I'm developing an application for my company that will require a lot of compute capacity (running some very big mathematical calculations), and looking for some form of server setup to do this. For various reasons, we want to run this on-site in our office rather than hosting it externally.

It's been a while since I last had to set up my own servers so I thought I would tap into the collective wisdom of serverfault!

My broad requirements are:

  • Budget $30-50k, with an aim to get as much compute capacity as possible for that budget
  • 64-bit servers suitable to run Ubuntu Linux + Java
  • Some relatively standalone rack that can be installed in secure office space
  • Fast/low latency network connections between the servers, but don't really care about connectivity to the outside world
  • Storage capacity shared between the servers - they don't necessarily need their own storage providing they can be booted from a common image
  • Downtime can be tolerated (since the calculations are run in batch mode)
  • The software itself is fault-tolerant, so there is no need for extra resiliency in the server setup (cheap replaceable commodity parts will be fine in general)

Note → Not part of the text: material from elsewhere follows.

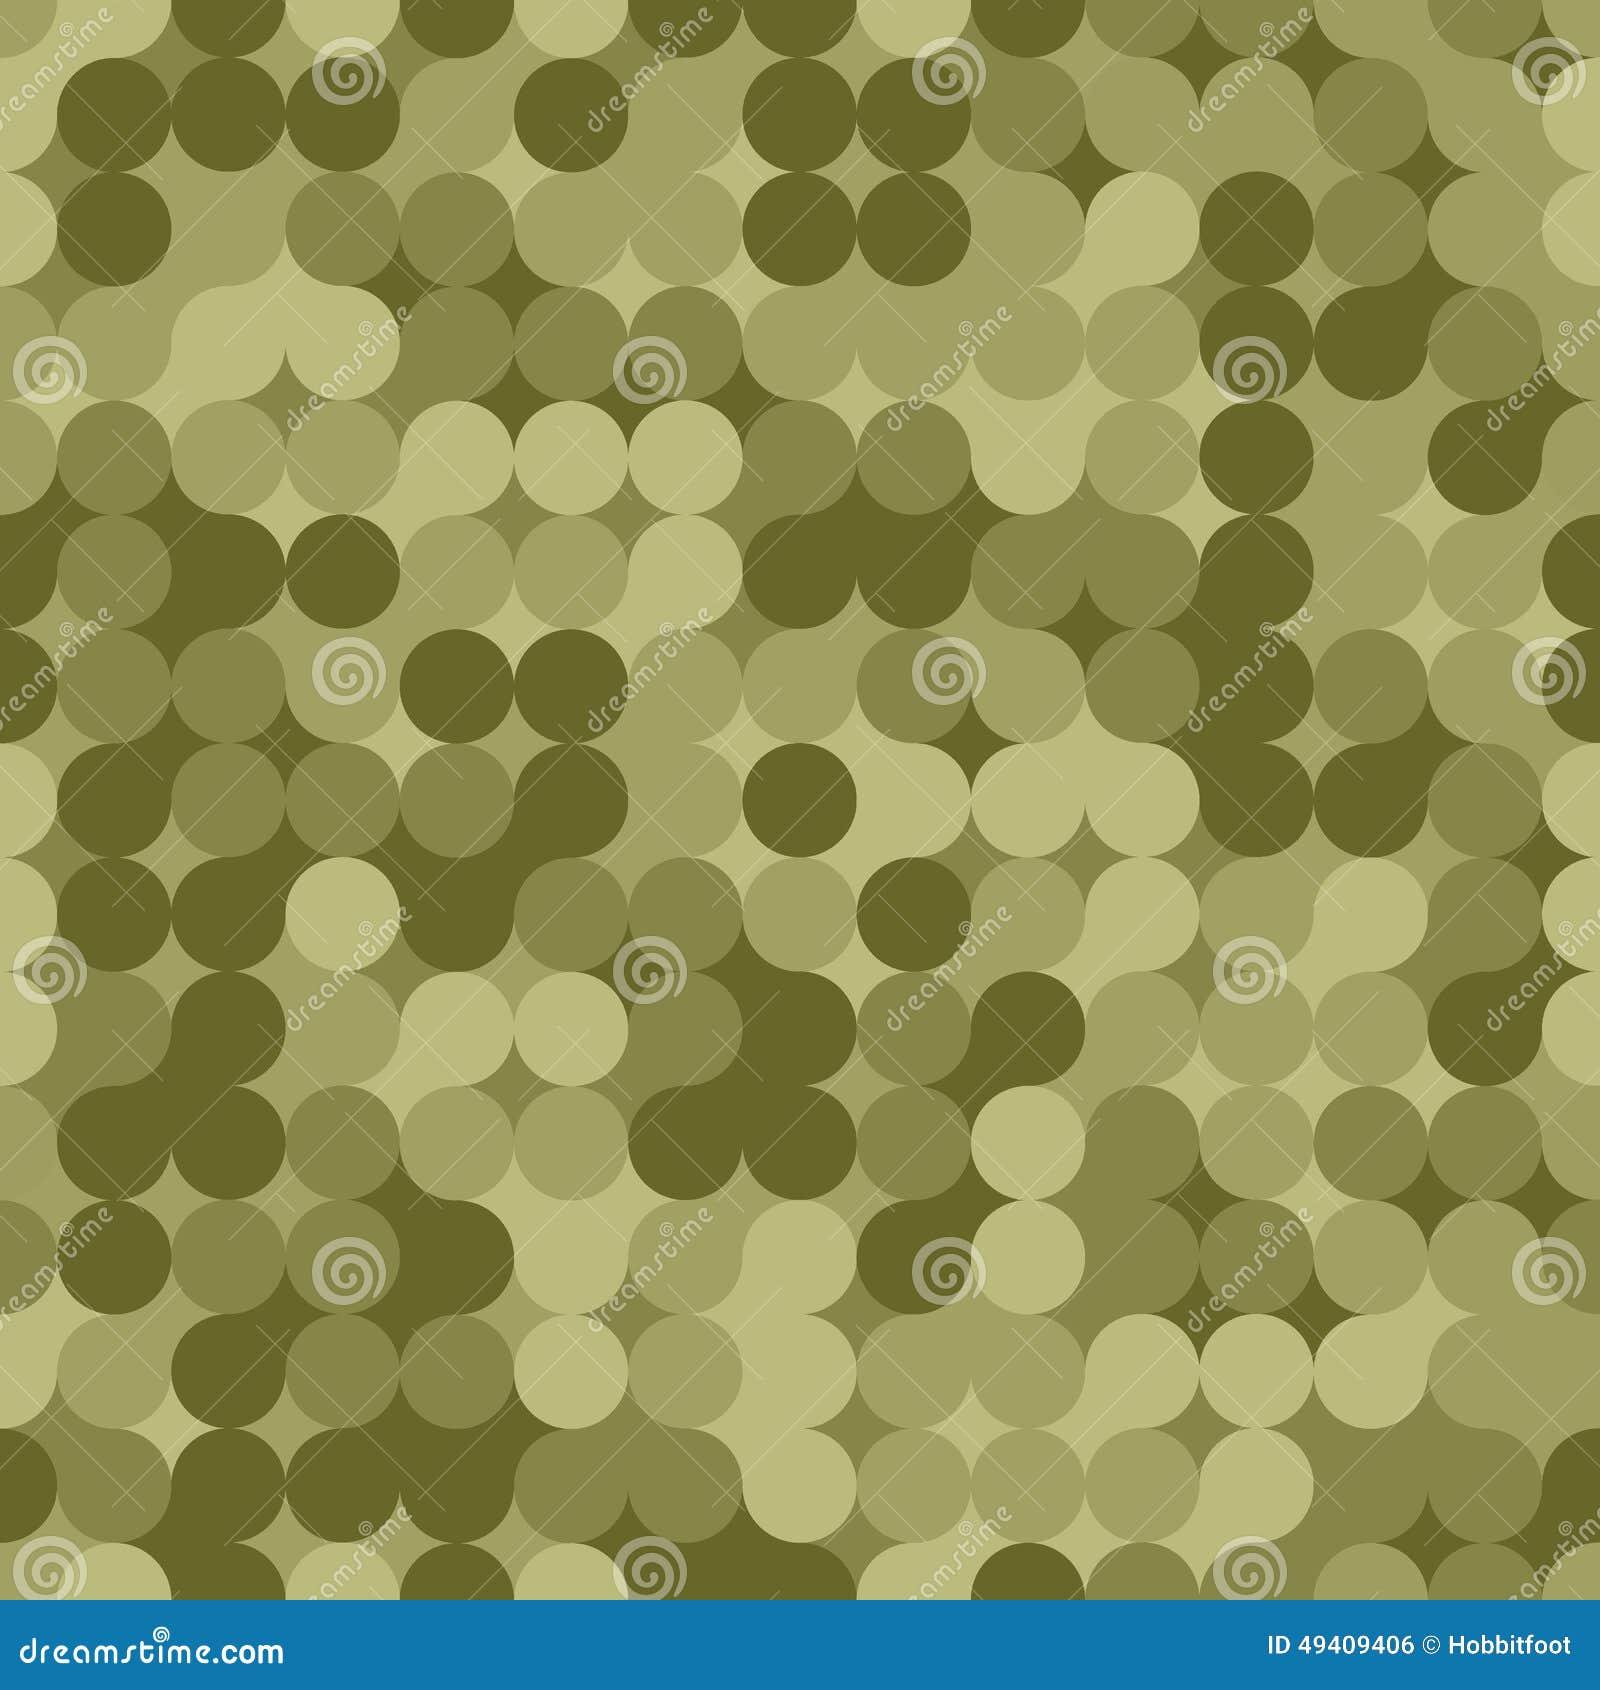 Download Nahtloses Muster Der Modernen Tarnung Vektor Vektor Abbildung - Illustration von material, auszug: 49409406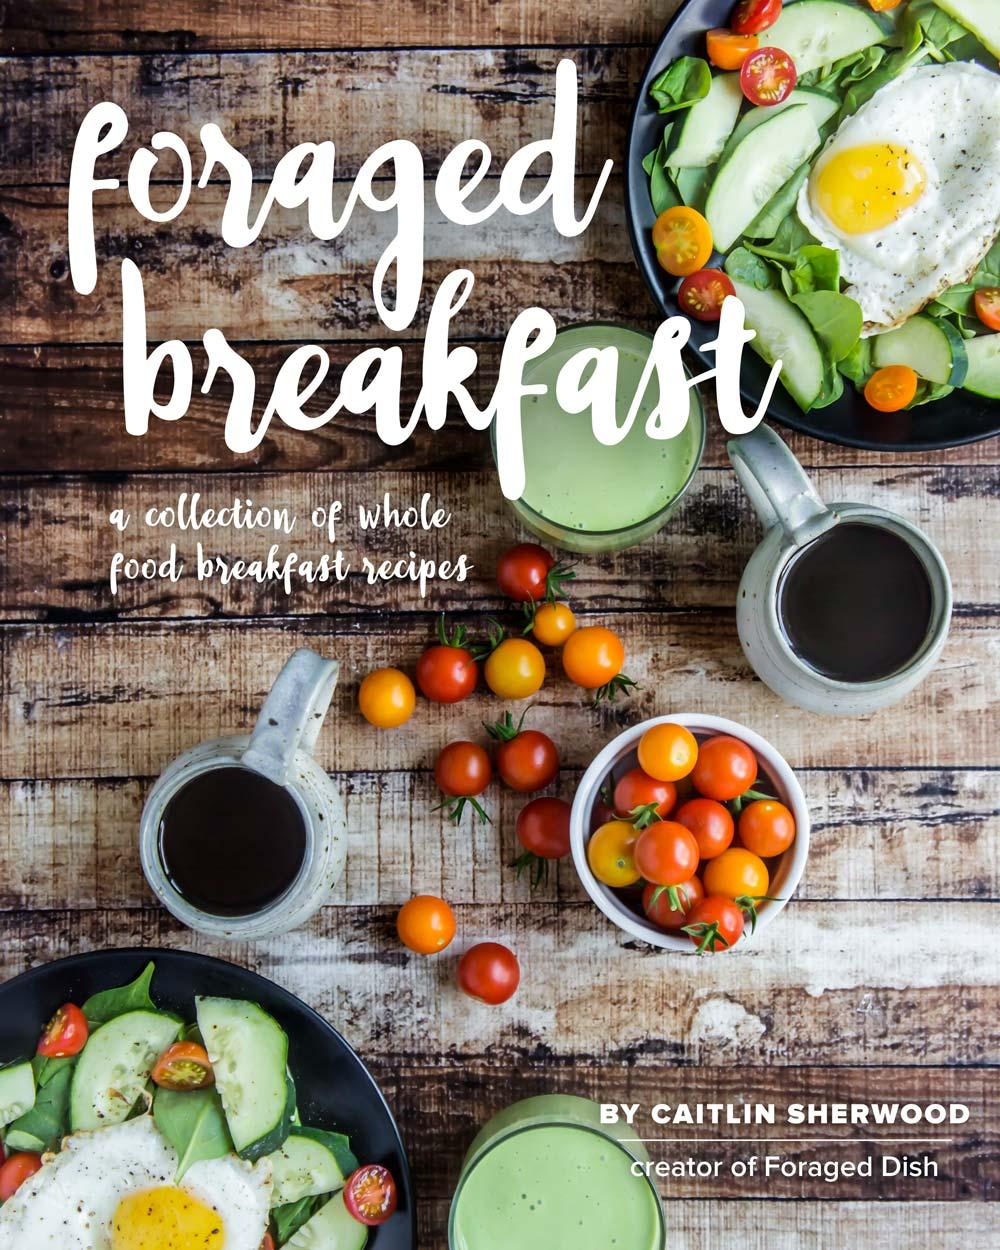 Foraged Breakfast eCookbook

Given these requirements what kind of setup would you recommend and why?

mikera
  • 165
  • 1
  • 7
  • What kind of interconnects do you need? Ethernet, MPI, latency/bandwidth tolerances? How much storage, throughput, concurrency, IOps? Does the cluster require resiliency, or is the software failure tolerant? – Chris S Feb 26 '11 at 14:48
  • Good question! There is lots of tolerance, and the software is fault-tolerant itself (via job scheduling and completion checks) so no issue if any part goes down. And the computations are meant to run in batch mode so downtime isn't really an issue either. it's all about the compute capacity..... will update the question accordingly – mikera Feb 26 '11 at 14:58
  • If you need a consultant to come and help you set this up, my contact details are in my SF profile – Tom O'Connor Feb 26 '11 at 15:04

1 Answers1

3

Without knowing the answers to any of the above questions, and assuming the software can easily deal with hardware faults, I would consider something like:

  • A pair of HP DL 180 G6 loaded with the necessary storage. These would serve as mirrored storage providers and multimaster (or redundant) cluster masters. PXE-Boot/NFS servers for the nodes too.
  • Roughly 8 HP DL 160 G6 compute nodes (12GB, 2 6-Core X5650).
  • A pair of HP ProCurve E2510-24G Switches, unless you already have Switches

I figured the servers would cost roughly $5k each; of course the exact price depends on RAM/Disk/CPU/Etc configurations.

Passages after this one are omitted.